> **WORK ITEM**
Please reproduce all of the data exactly as it appears, but skip the pictures.

> **DATA BLOCK**
________

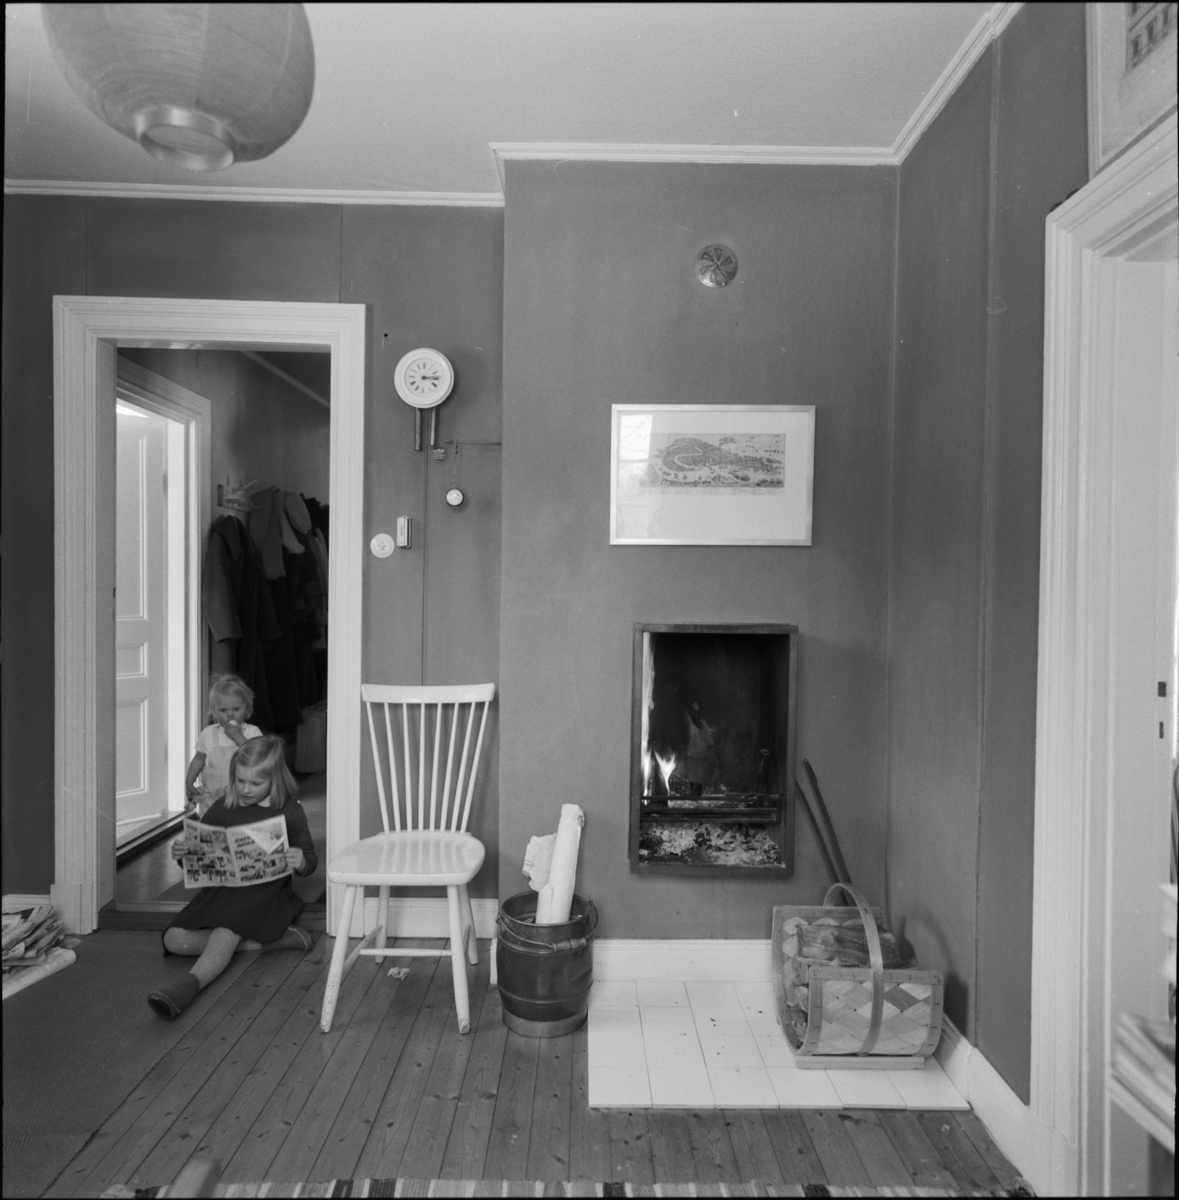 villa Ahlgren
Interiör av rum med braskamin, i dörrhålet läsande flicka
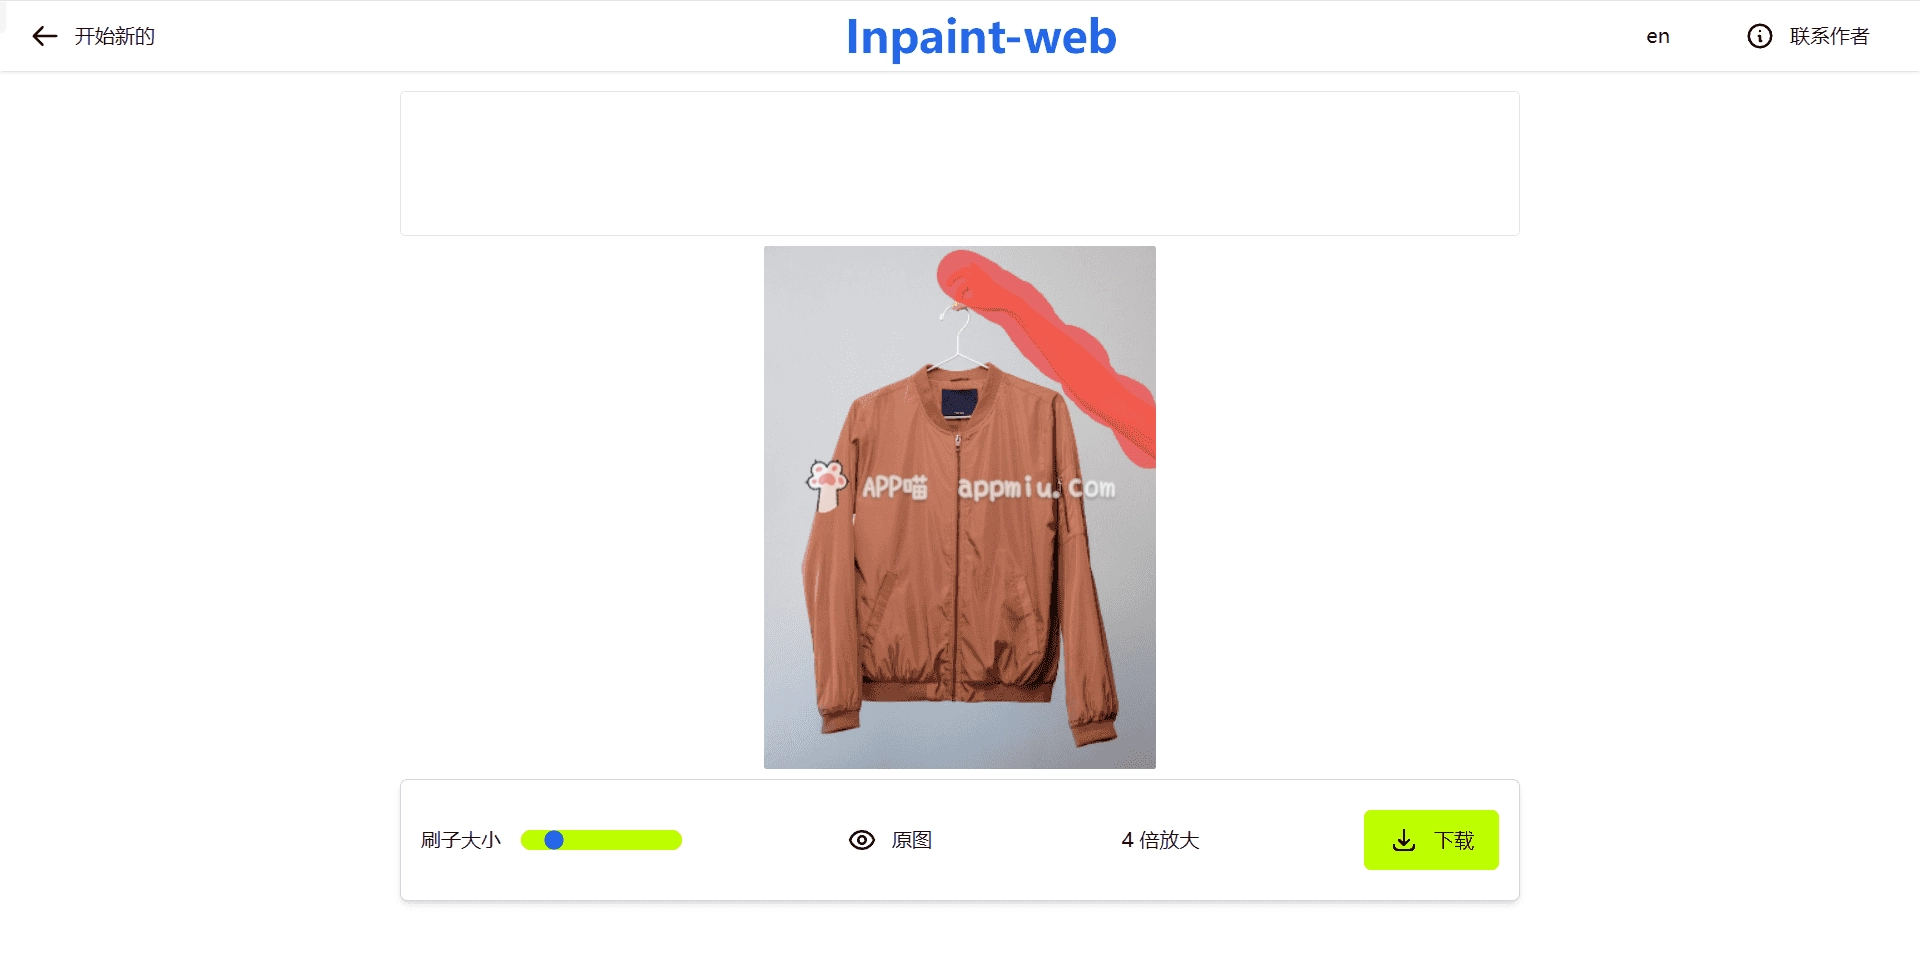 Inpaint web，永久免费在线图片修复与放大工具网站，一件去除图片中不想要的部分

________

> **ANSWER TO THIS PROBLEM**
 villa Ahlgren
Interiör av rum med braskamin, i dörrhålet läsande flicka
 Inpaint web，永久免费在线图片修复与放大工具网站，一件去除图片中不想要的部分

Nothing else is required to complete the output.